(Dataset excerpts)
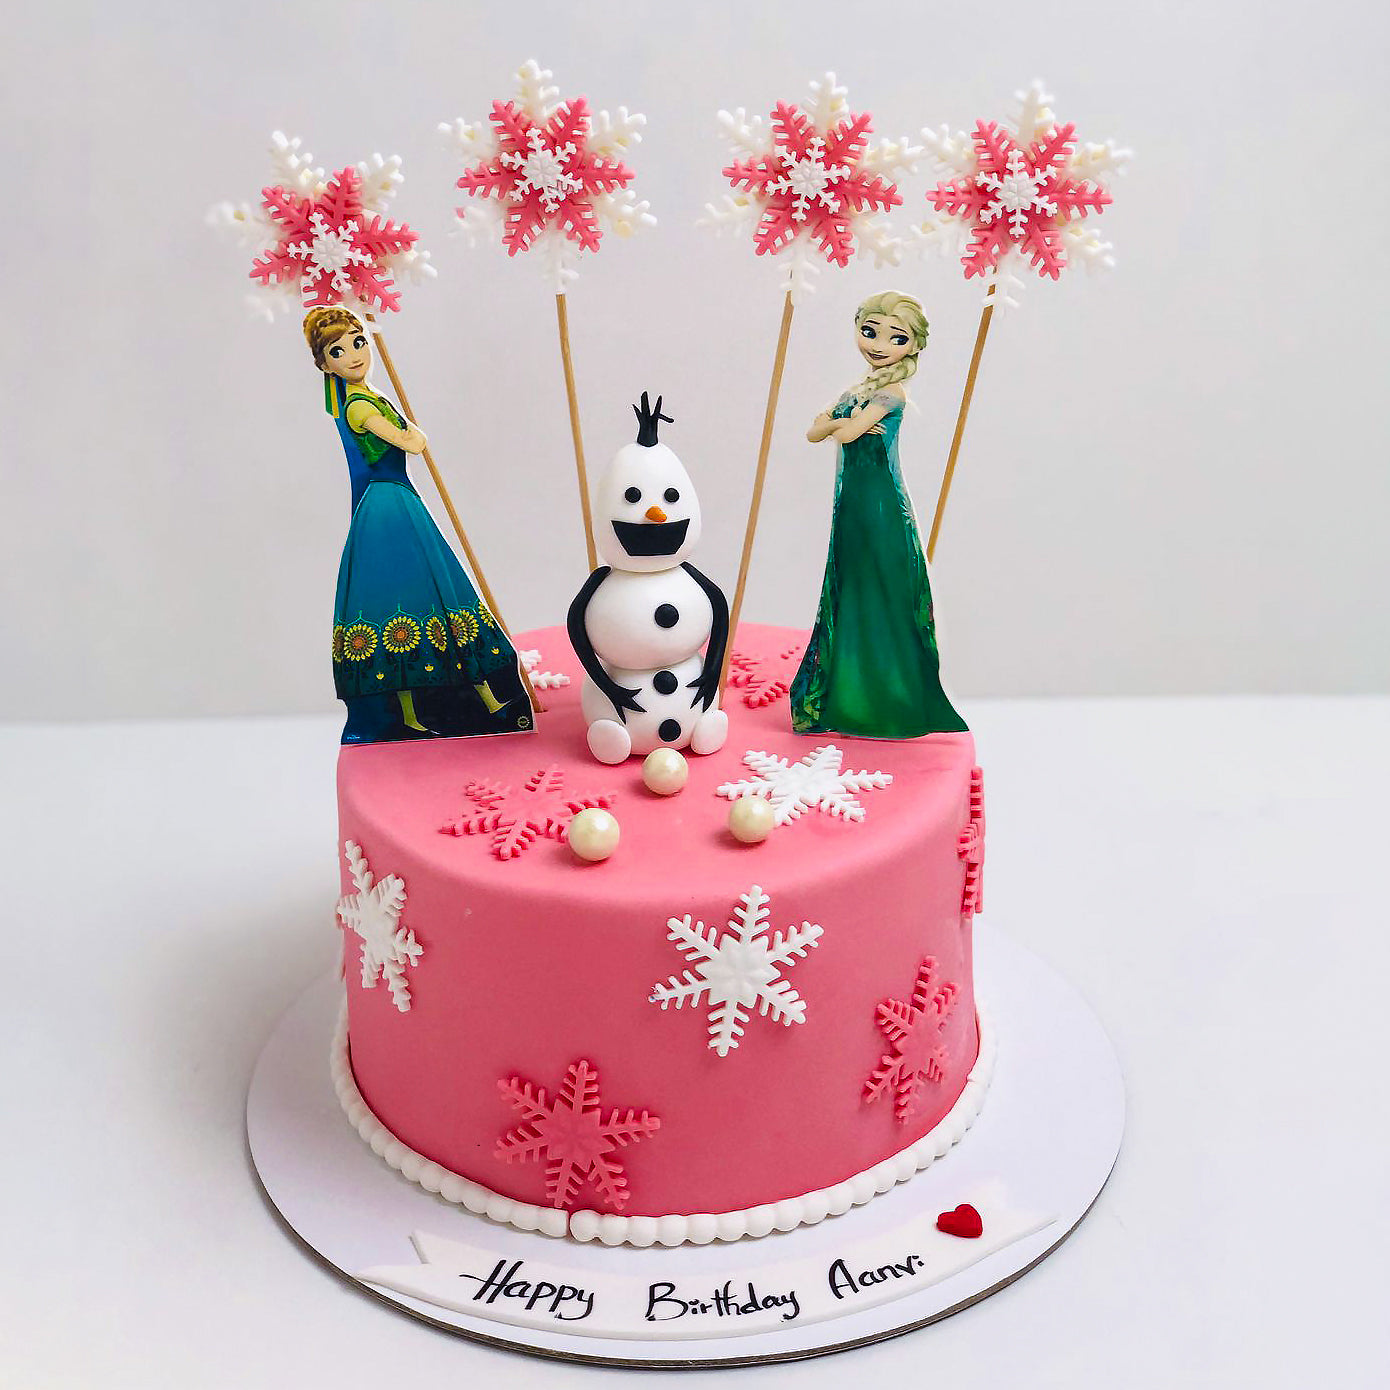 TNP19 Princess Elsa Dream - The Cake Shop | Singapore Cake Delivery
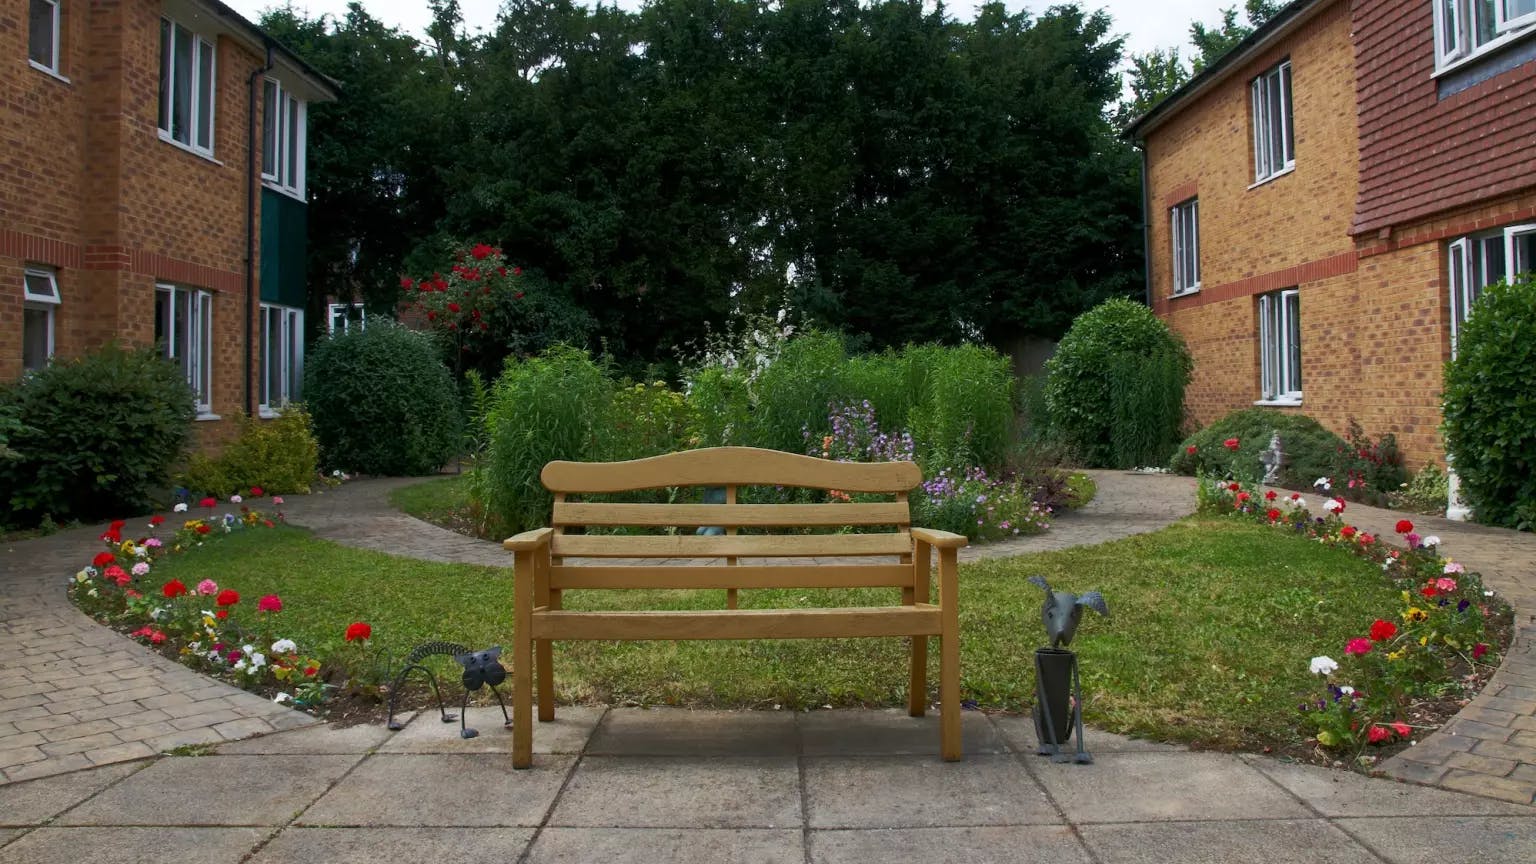 Garden of Meresworth care home in Rickmansworth, Hertfordshire
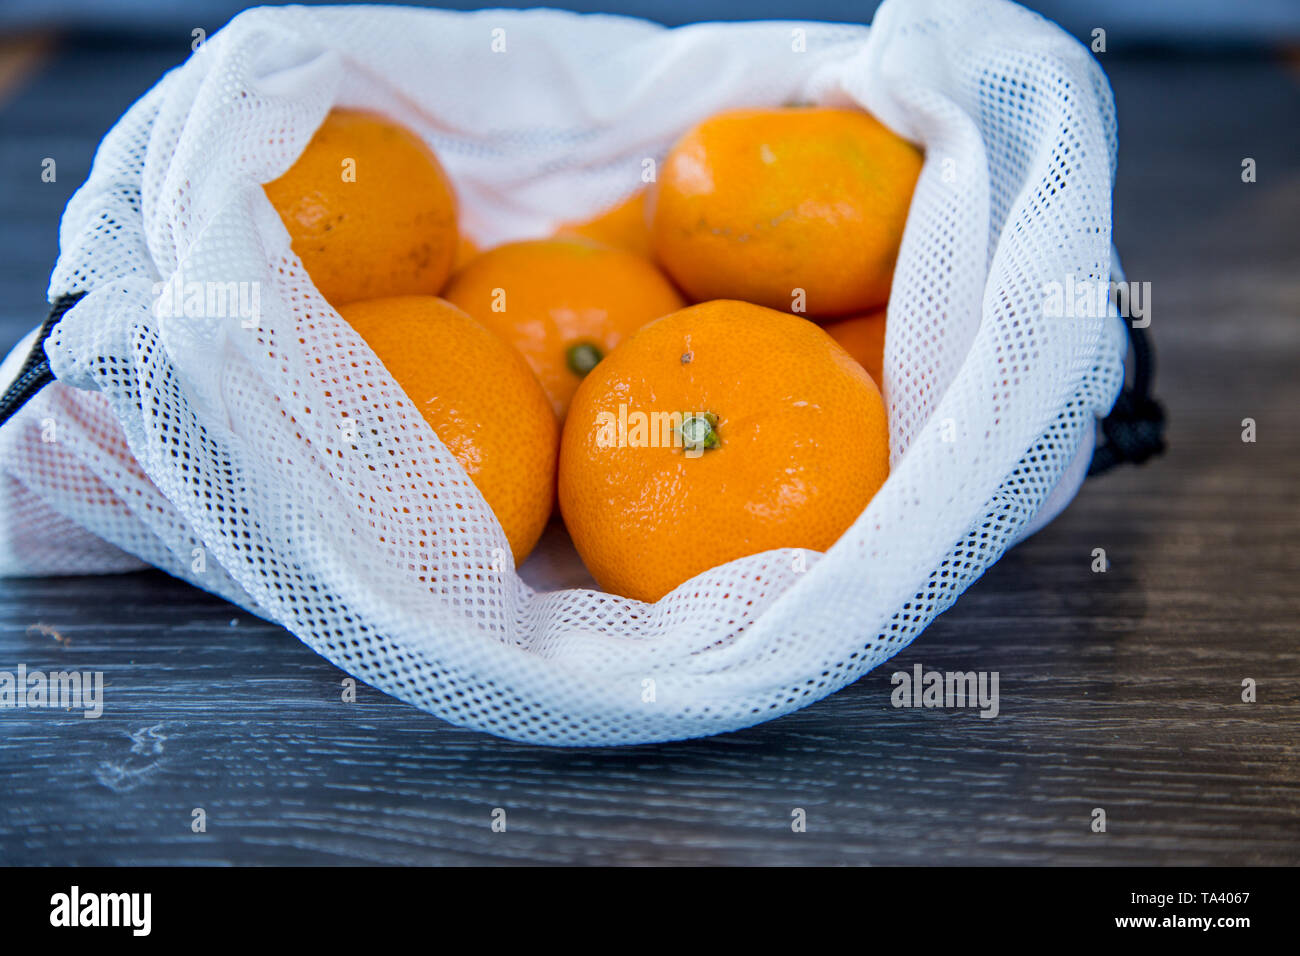 Mandarini acquistati al supermercato in un riutilizzabili per produrre borsa riutilizzato da uso singola soft di sacchetti di plastica. Rispettosi dell'ambiente scelta. Foto Stock
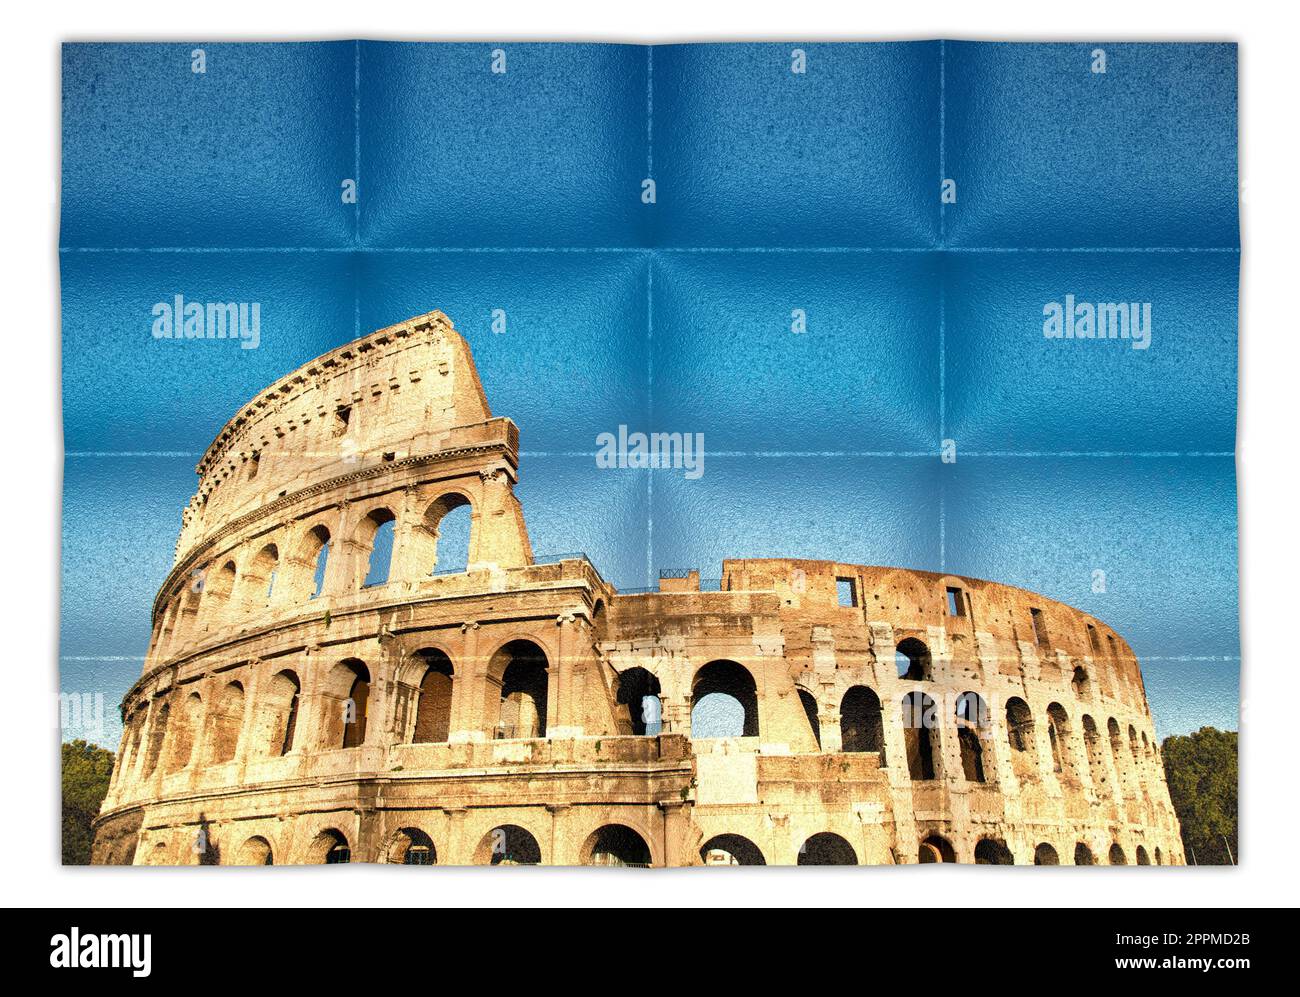 Italien, Rom - römisches Kolosseum mit blauem Himmel, das berühmteste italienische Wahrzeichen. Stockfoto
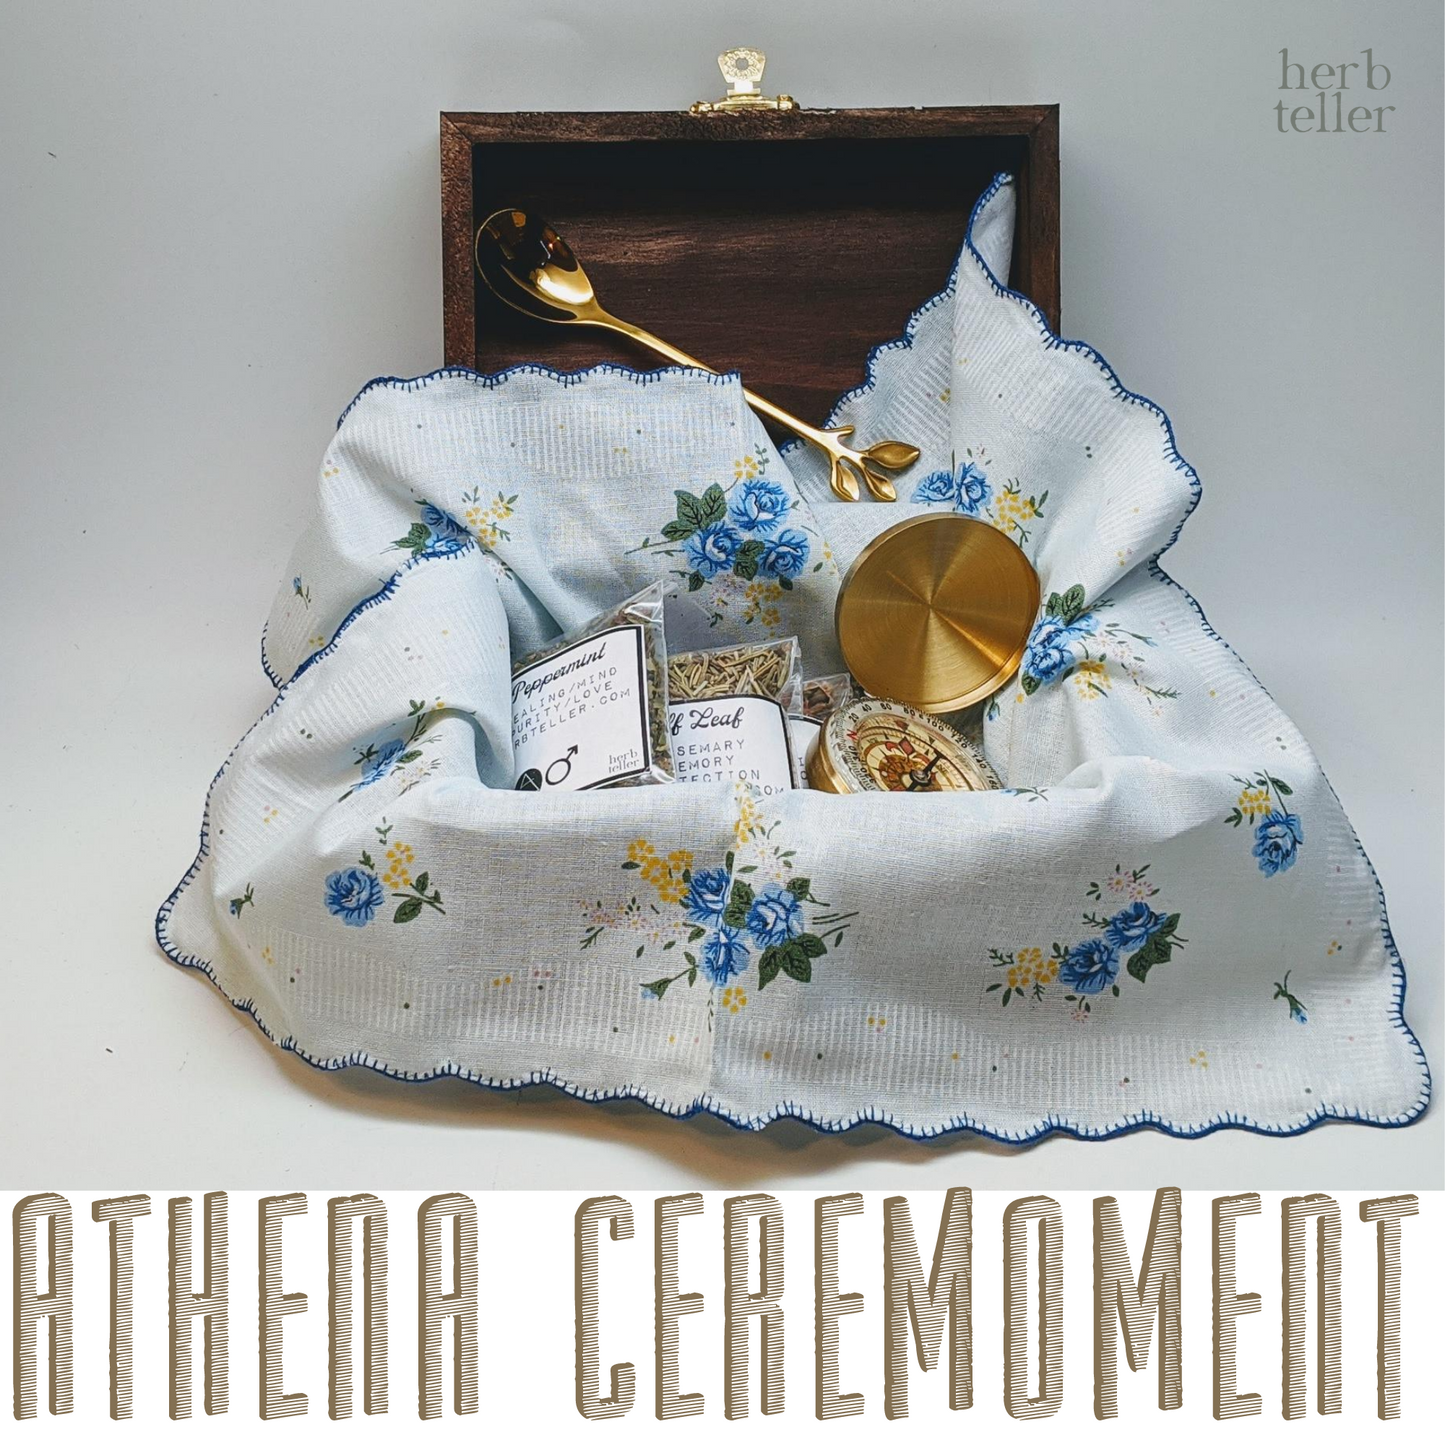 I, Athena Ceremoment - Original City Apothecary

#### Exercise goal
If a record holds a picture, drop the picture and return the rest of it exactly.

#### Exercise response
 TNP19 Princess Elsa Dream - The Cake Shop | Singapore Cake Delivery
 Garden of Meresworth care home in Rickmansworth, Hertfordshire
 Mandarini acquistati al supermercato in un riutilizzabili per produrre borsa riutilizzato da uso singola soft di sacchetti di plastica. Rispettosi dell'ambiente scelta. Foto Stock
 Italien, Rom - römisches Kolosseum mit blauem Himmel, das berühmteste italienische Wahrzeichen. Stockfoto
 I, Athena Ceremoment - Original City Apothecary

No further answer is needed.